**Your task:** Word for word, transcribe the lines below and drop the pictures.

**Source material:**
##########
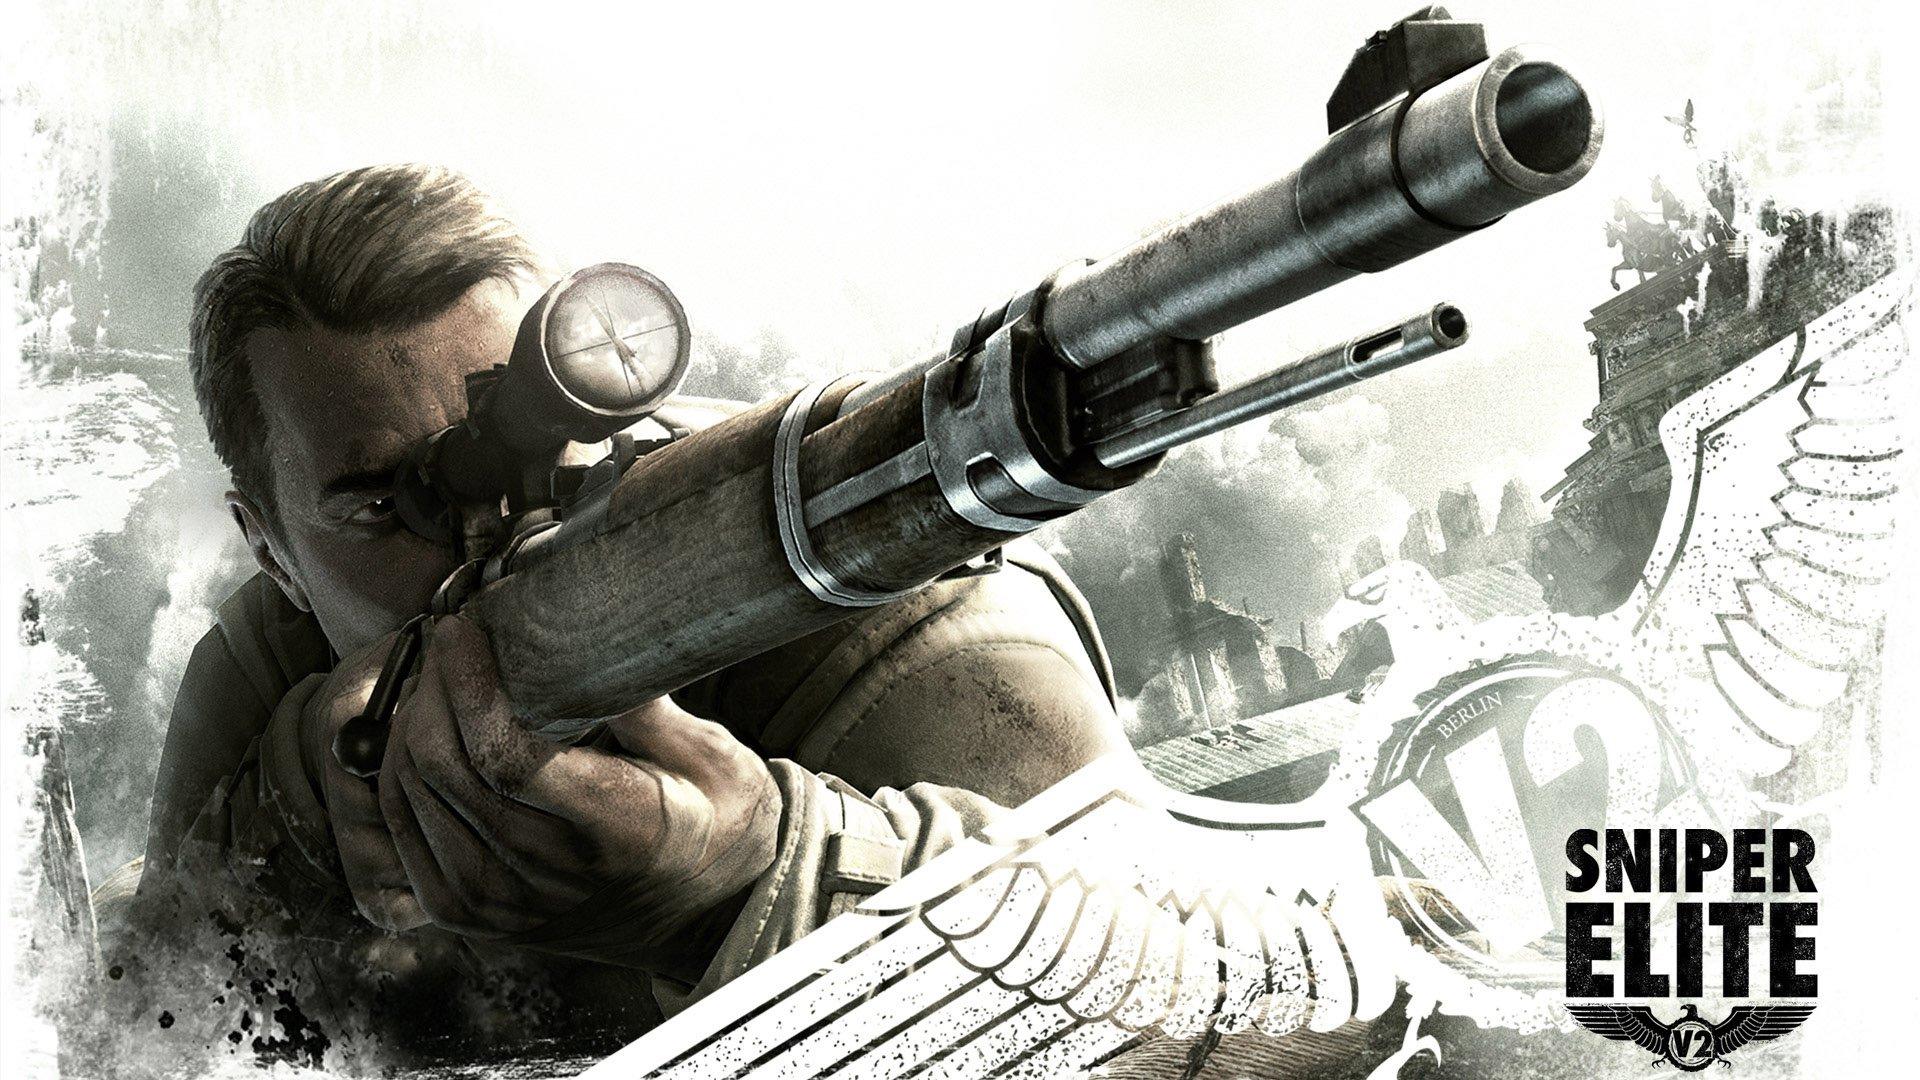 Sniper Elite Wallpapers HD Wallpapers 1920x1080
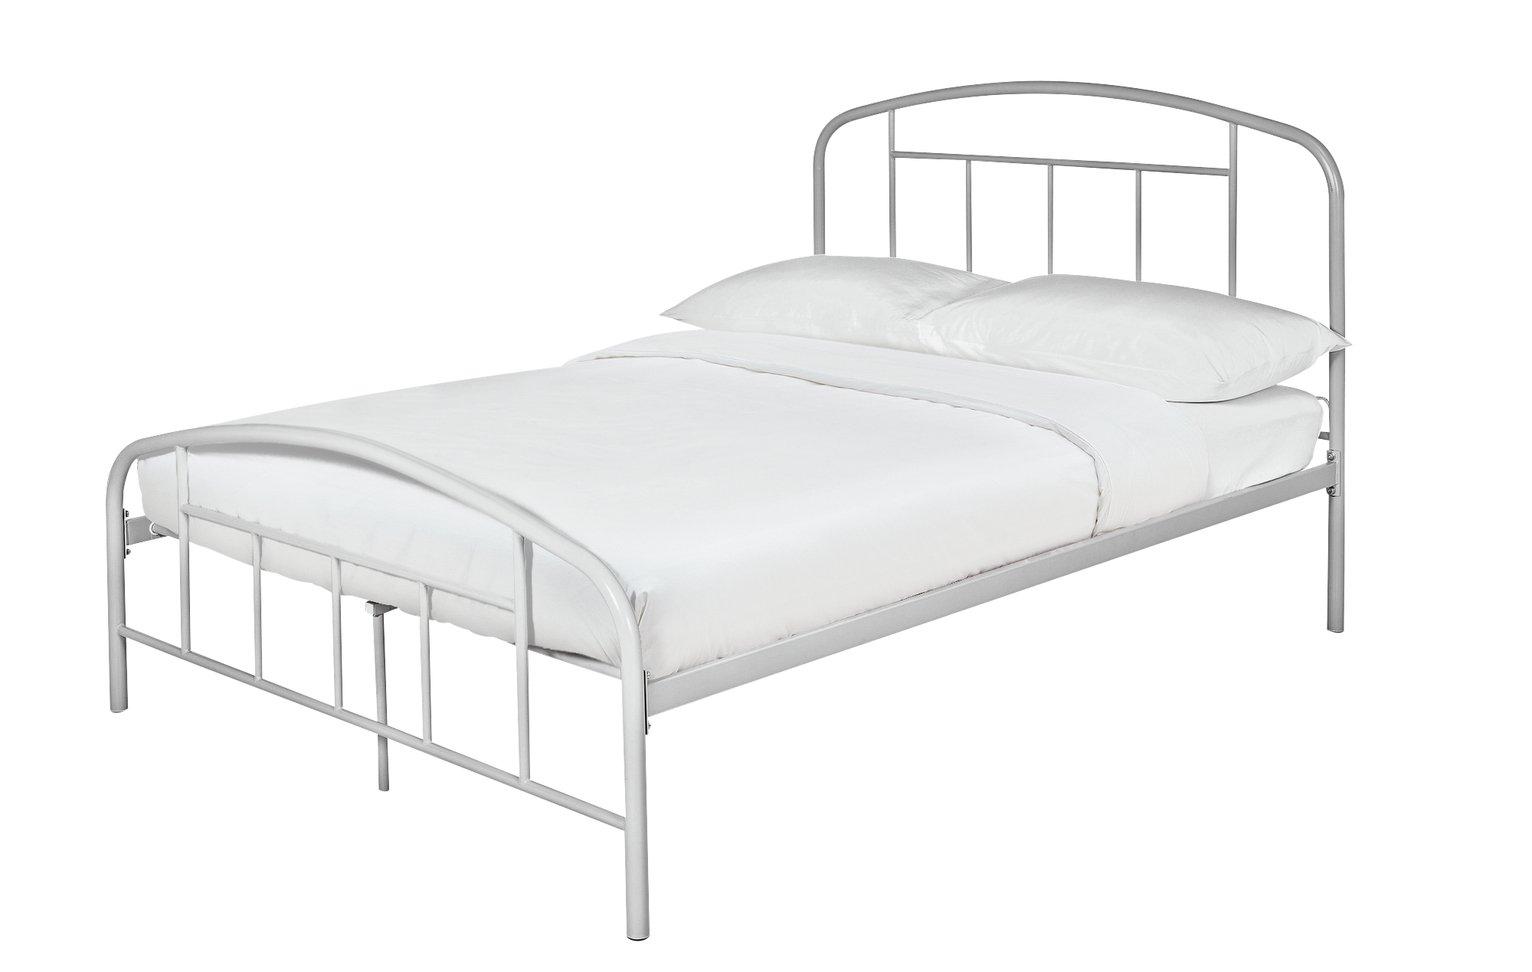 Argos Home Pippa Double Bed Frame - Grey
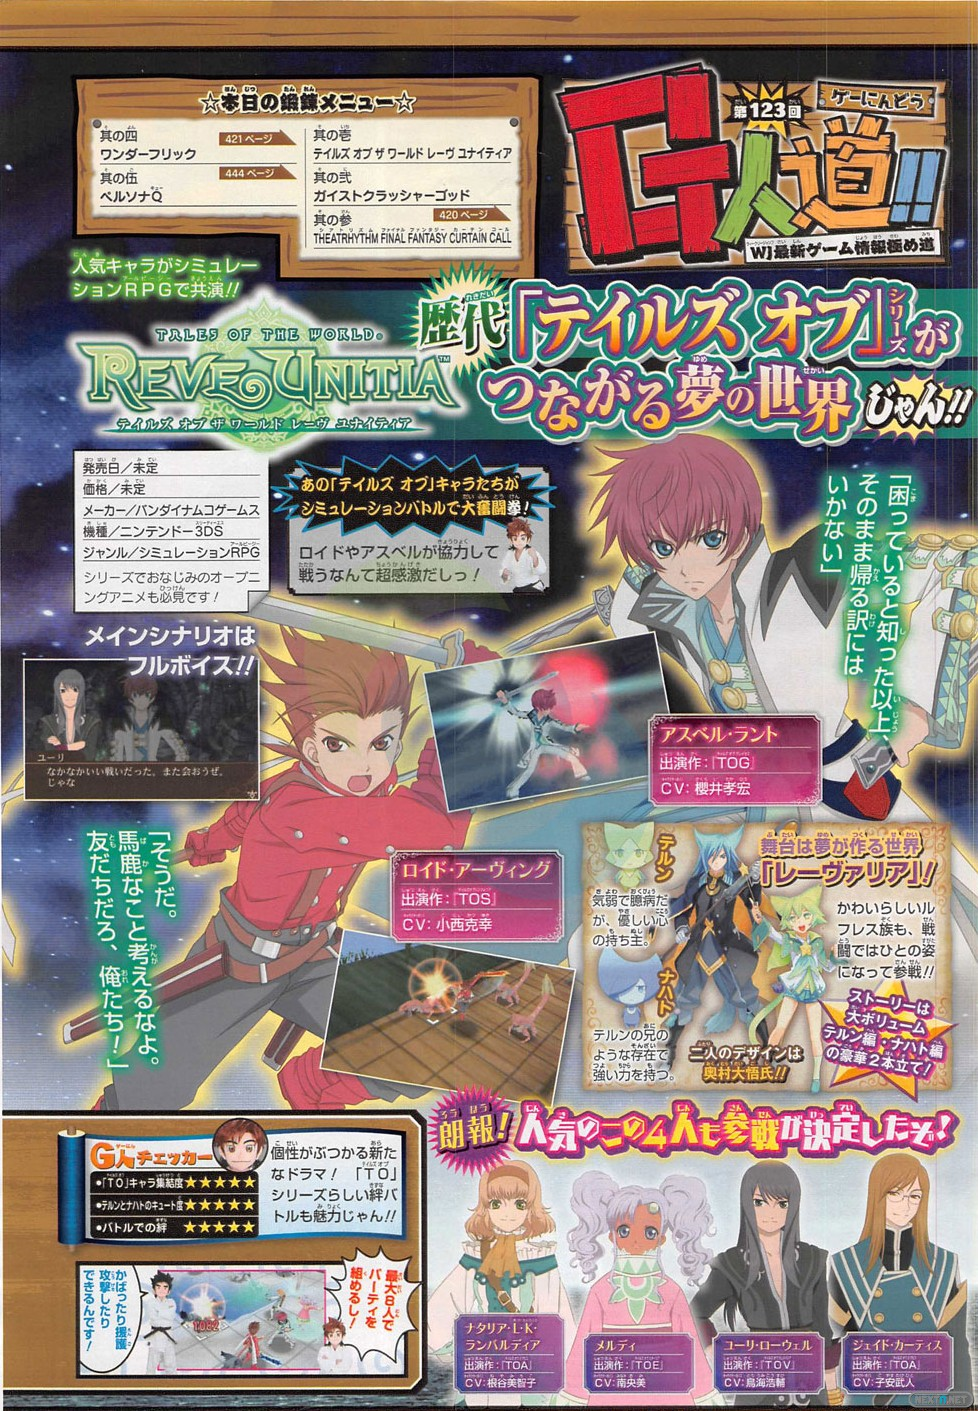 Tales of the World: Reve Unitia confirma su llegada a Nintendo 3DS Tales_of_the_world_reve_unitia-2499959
##########
**Expected output:**
 Sniper Elite Wallpapers HD Wallpapers 1920x1080
 Argos Home Pippa Double Bed Frame - Grey
 Tales of the World: Reve Unitia confirma su llegada a Nintendo 3DS Tales_of_the_world_reve_unitia-2499959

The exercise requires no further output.